Вдруг по шкуре гнедого странная дрожь пробежала, будто из брюха, из самой глубины. Он поднял голову, насторожил уши и даже прибавил шаг. Я уж подумал, понял.
— Ну, гнедой, — ласково шепнул я и легонько тронул его шпорами.
А он как вскинет задом, меня аж на загривок снесло со спины. Потом зад опустил, а передние копыта взметнул вверх и вытянул морду. Я обеими руками вцепился в гриву. Выронил пику. На дороге загоготали. Гнедой снова вскинул зад, куда выше, чем первый раз. Я чуть не нырнул, как с ветлы в воду. К счастью, удержался на загривке. А он опять оторвал передние копыта от земли. Почти что дыбом встал. Пасть разинул, зубы ощерил и заржал, будто дал волю испокон веков сдерживаемой ярости, за всех мужицких коней, покорных, как он. Седло из-под меня уползло. Ноги со шпорами полетели куда-то в стороны. И на секунду я повис в воздухе, держась только за его холку. Он опустился на все четыре ноги, но ненадолго. Завертелся, осаживая зад чуть ли не до земли, и снова взмыл вверх. Еще выше. И заржал. Еще громче. Я прямо почувствовал, как в нем взбултыхнулись потроха. Кровь, ярость, боль, точно плотину прорвало. Люди на дороге что-то кричали. А он снова взметнулся в небо и передними копытами заколотил по воздуху, как если б еще выше подняться хотел. А зубами будто кусок неба норовил отхватить. И, совсем уже ошалев, вскидывал попеременно то мордой, то задом, без продыху, почти даже и не касаясь земли.

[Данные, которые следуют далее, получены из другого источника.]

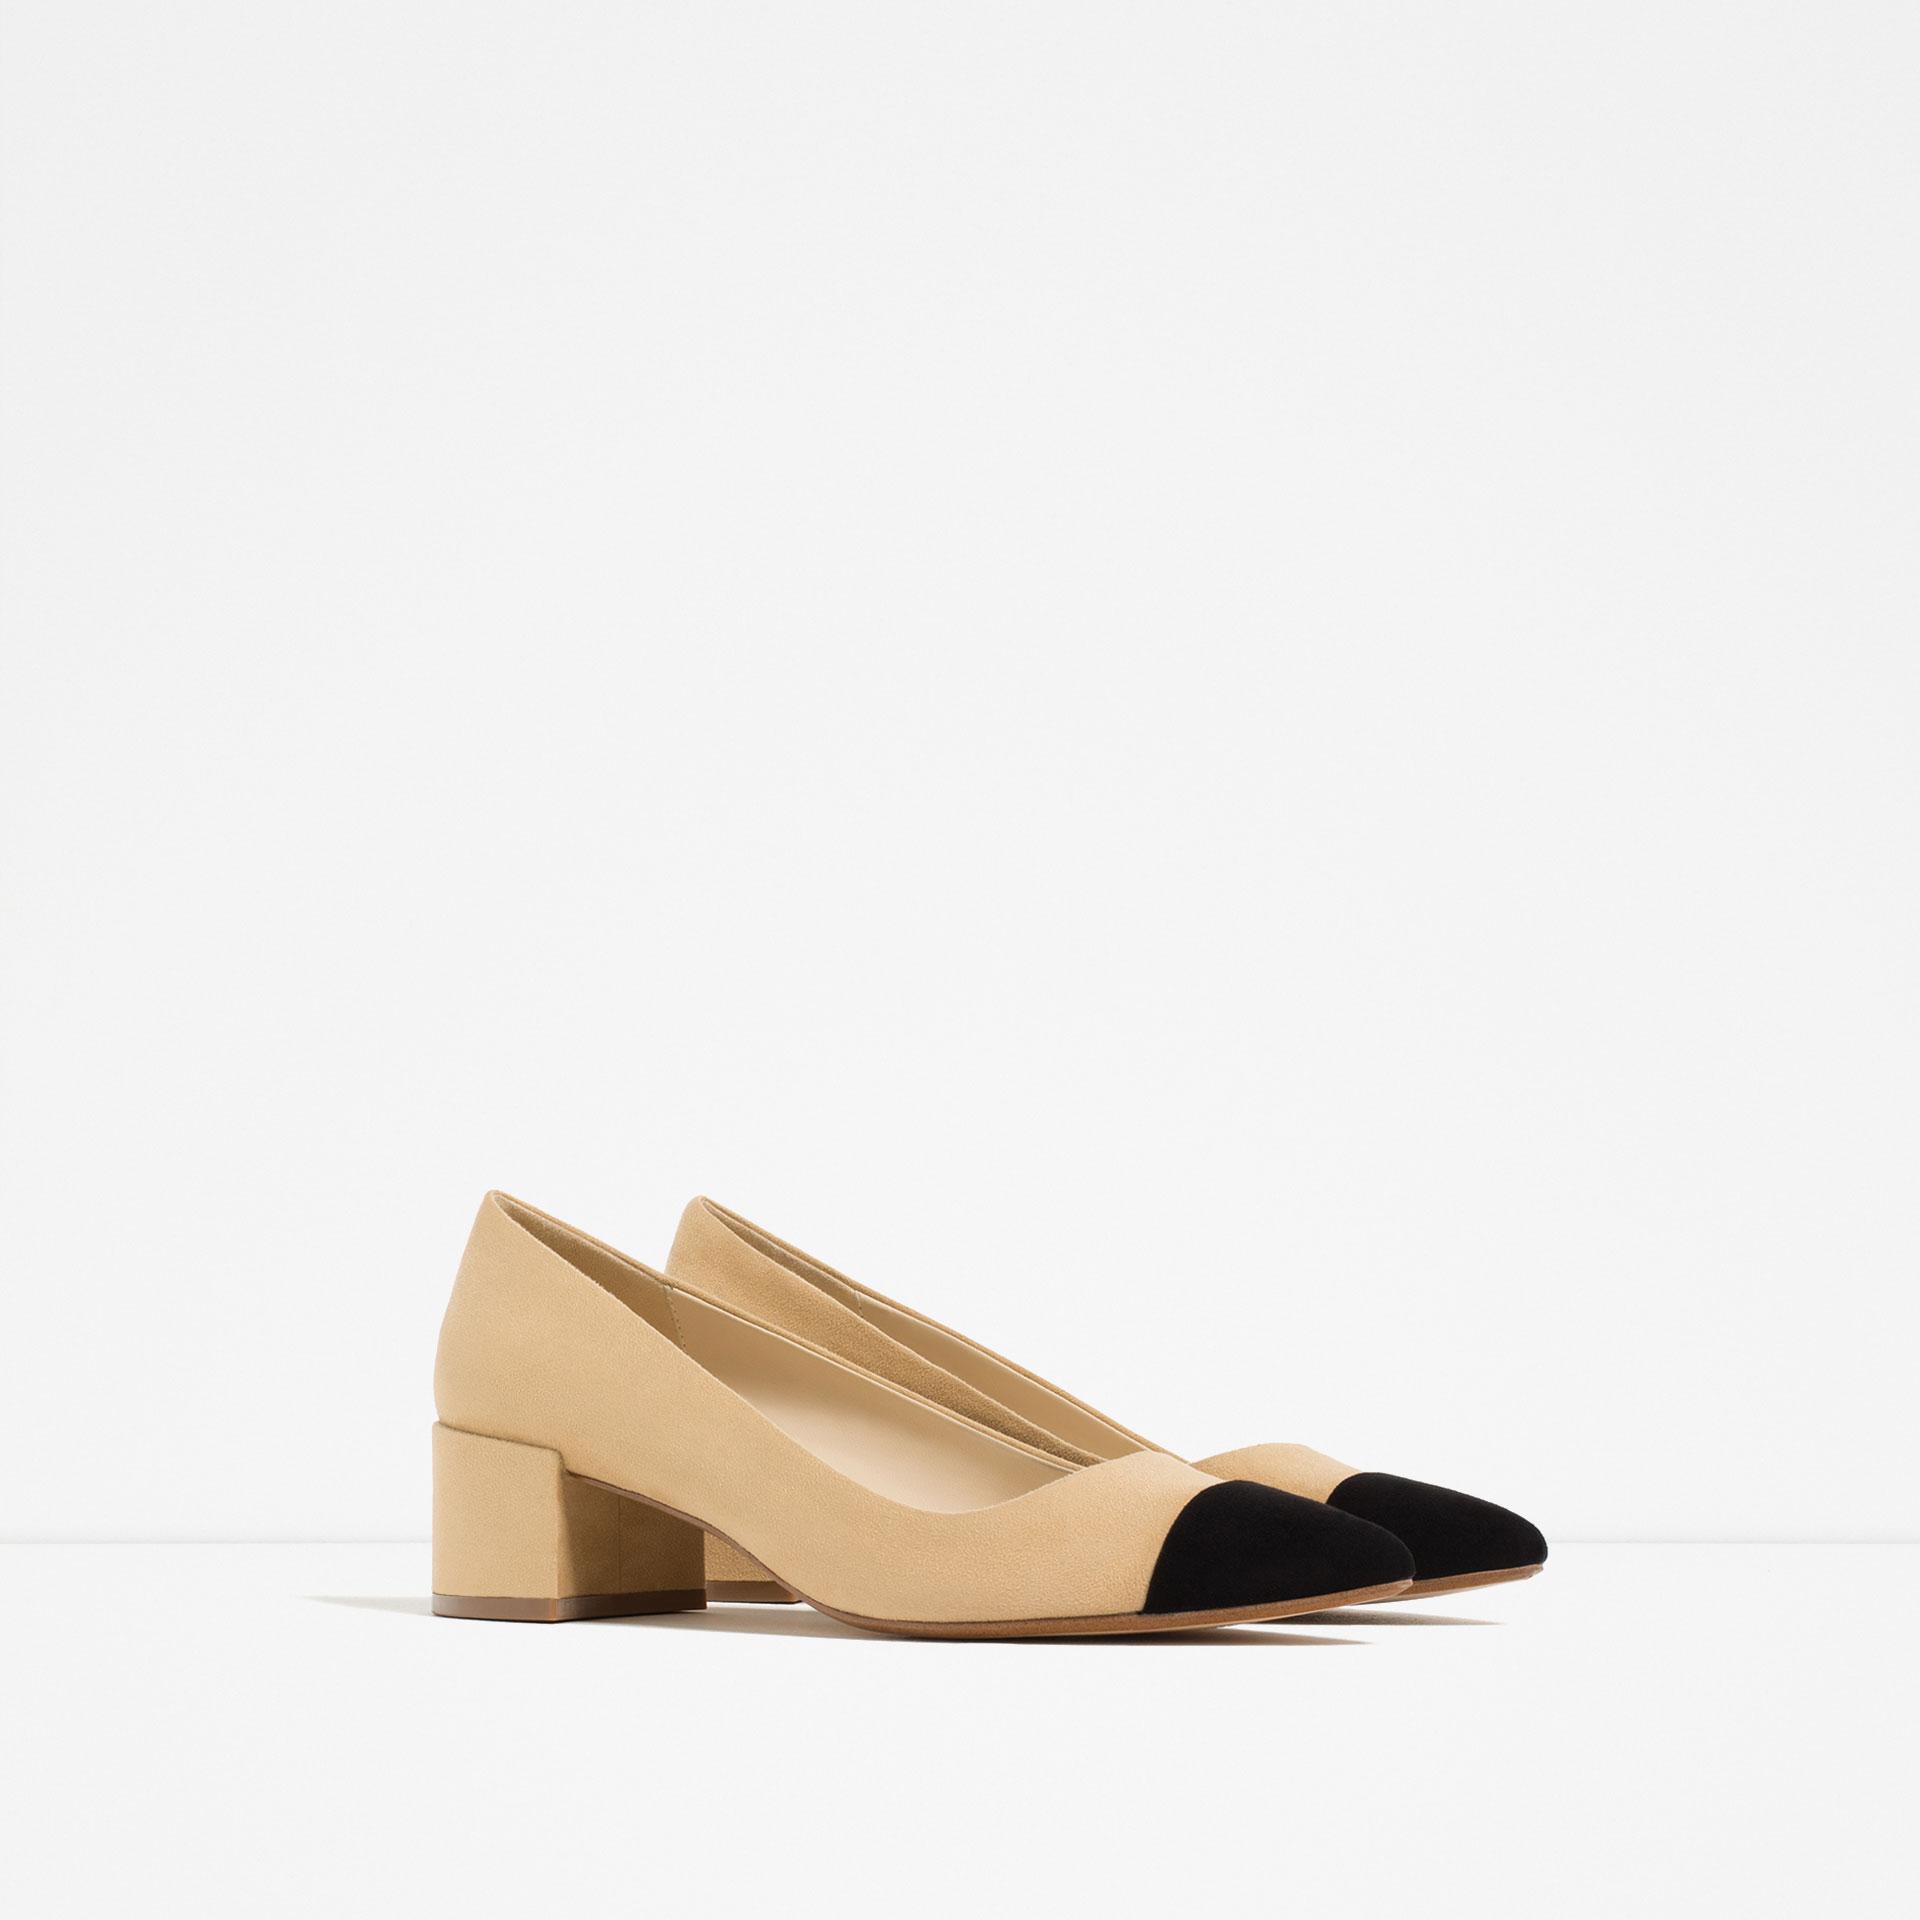 zapatos-bicolor-inspiracion-chanel
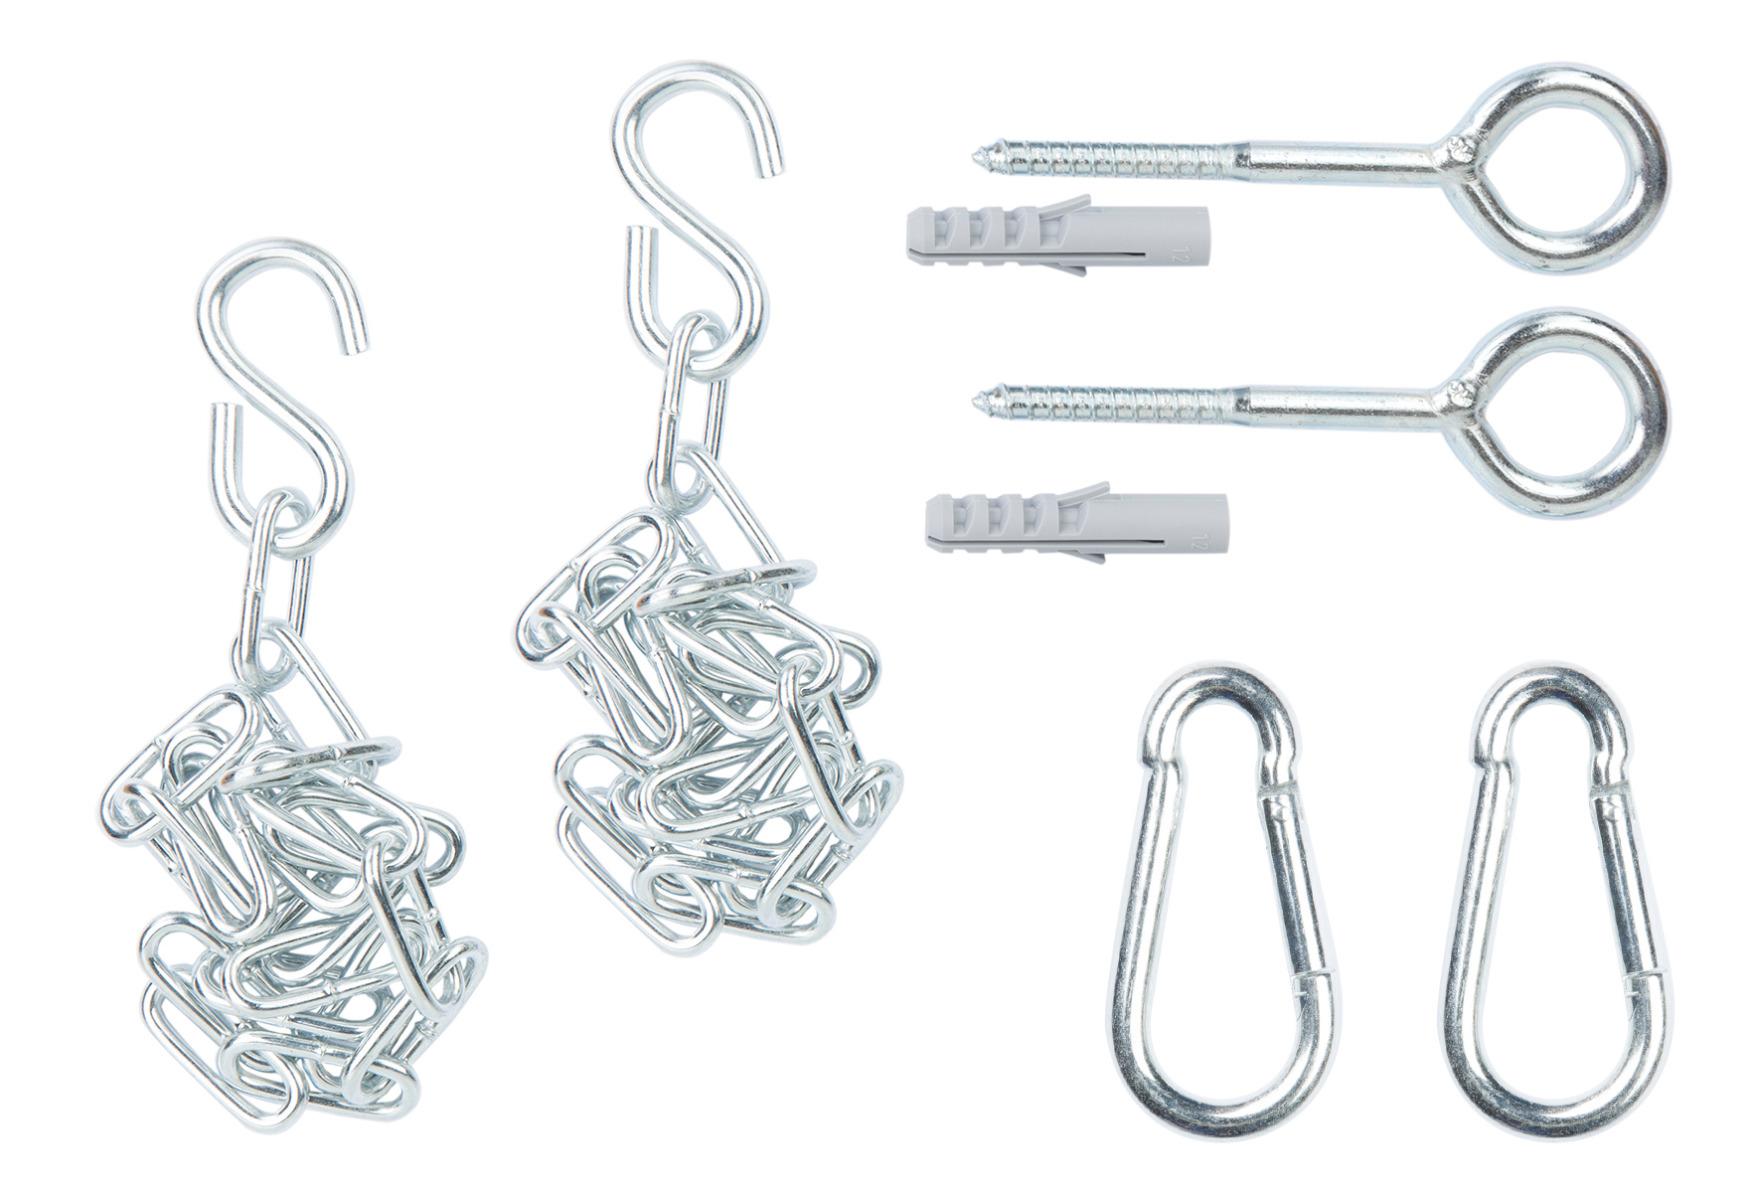 Hangmatbevestiging 'Complete' Metal - Metaal - Tropilex �

Вдруг каким-то бешеным рывком гнедой выдернул холку из моих рук, и я, как яблоко с яблони, слетел на землю. Он в последний раз взбрыкнул, точно проверяя, сижу ли я еще на нем колючим репьем. А потом описал один за другим два широких круга, разметая перепуганных людей. Заржал с превеликим облегчением. И понесся как вихрь, только пыль столбом.
Люди кинулись ко мне. Стали меня поднимать. Но я не хотел ничьей помощи, поднялся сам. Не мог только спину разогнуть и голову повернуть ни вправо, ни влево. И одним глазом почти что ничего не видел. Ну и шпоры эти все в крови, моей и гнедого. Еще Михала откуда-то принесло, его не было дома, когда я гнедого из конюшни выводил, он с матерью в поле сорняки полол, а тут надо мной разревелся, будто я без него мало нахлебался стыда.
— Шимек, ты живой? Шимек, ты живой? — распустил слюни. Даже присел на корточки, хотел окровавленные шпоры с моих ног отвязать. Я его от злости чуть не лягнул.
— Пусти. Живой я. Не реви.
А гнедого, только когда отец вернулся с ярмарки и сперва меня отлупил, изругал, мы пошли искать в поля. Он пасся в чьем-то клевере невдалеке от Болешиц. Но, едва нас увидел, заржал и ускакал на соседнее поле. Отец велел мне остаться, спрятаться за межой, а сам попробовал к нему подкрасться. Но только приблизится, тот на дыбы и с копытами на отца. Пока мы не приволокли телегу. Взяли хомут, торбу с овсом. И только в телегу он позволил себя запрячь.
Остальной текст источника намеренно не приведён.